BERLIN (Reuters) - Former Chancellor Gerhard Schroeder's wife said she is entering German politics and wants to win a regional state assembly seat next month to fight for pay equality but insisted she has no higher political aspirations.
Coming out of the shadows of her husband, who was chancellor from 1998 to 2005, Doris Schroeder-Koepf told Der Spiegel news magazine that she also wanted to focus on improving the integration of foreigners in her state of Lower Saxony.
"One chancellor in the family is enough," Schroeder-Koepf, 49, said in the interview published on Sunday when asked if U.S. Secretary of State Hillary Clinton served as a role model.
The wife of former President Bill Clinton was first elected as a senator from New York state in 2000, just before he left the White House at the end of his second and final term.
"I do know what it means to be chancellor," said Schroeder-Koepf, who was a journalist before marrying Schroeder in 1997.

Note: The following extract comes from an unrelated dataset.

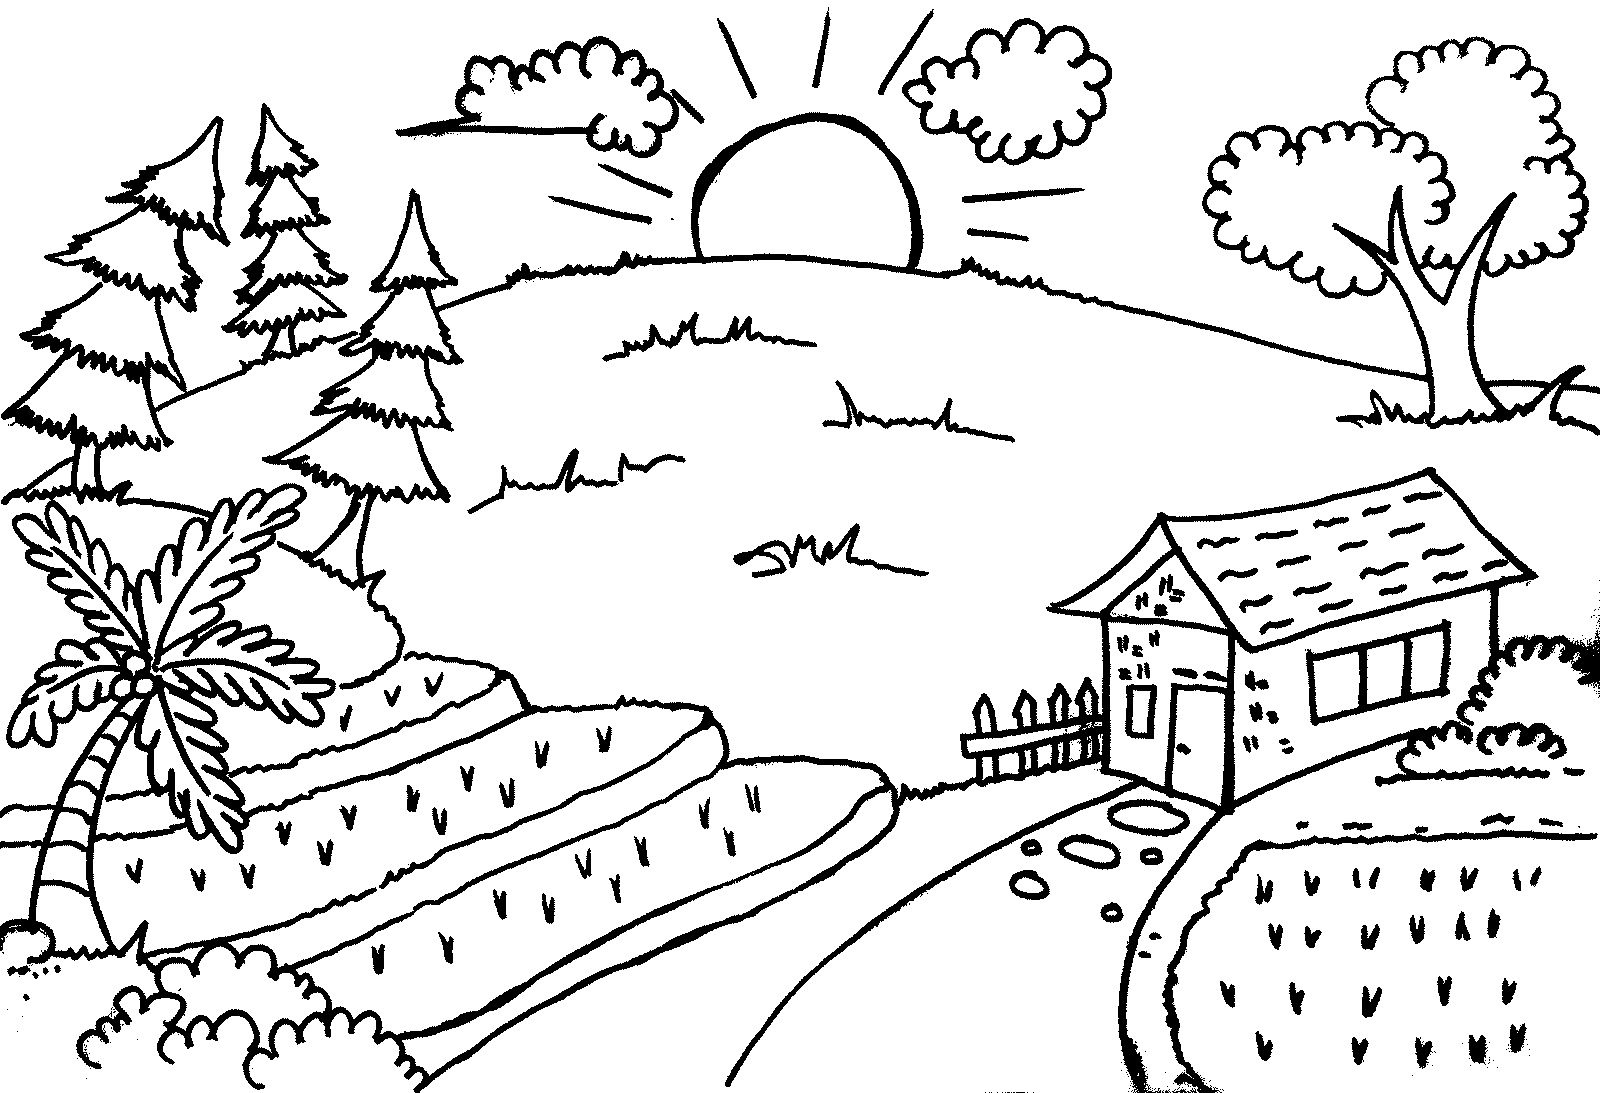 Gambar Sketsa Untuk Mewarnai Anak SD kelas 3 - enolink

"From a physical point of view I just couldn't do it. You need to be more robust than I am. These marathon meetings through the night, never getting enough sleep, the trips across so many time zones. I'm just not built for that."
Schroeder-Koepf, a soft-spoken woman who largely avoided the public spotlight until now while raising their children, is a state assembly candidate for the centre-left Social Democrats (SPD) in the January 20 election in Lower Saxony.
She said the SPD candidate for state premier, Hanover Mayor Stephan Weil, had asked her to run for a state assembly seat. She also said her husband, 68, was taking over more of the parenting duties now.
Schroeder-Koepf said she wants to fight for gender equality.
"There can't be a pay gap between men and women anymore," she said. "It's absurd that there's a 25 percent pay gap. That must be changed in wage talks and by political leaders. Equal pay for equal work. It's so obvious and needs to happen."
Schroeder-Koepf, who worked for Bild newspaper and Focus magazine before becoming Schroeder's fourth wife, also confirmed a rumor that she advised Schroeder to shorten the title of his economic reform program to "Agenda 2010", a series of measures credited with boosting Germany's competitiveness from 2003.
"I read it in advance, like a lot of his speeches," she said. "It had a very complicated title that went on for a couple of lines, very bureaucratic. I urged Gerd and his team to use a snappier title. It ended up that I had to come up with a title."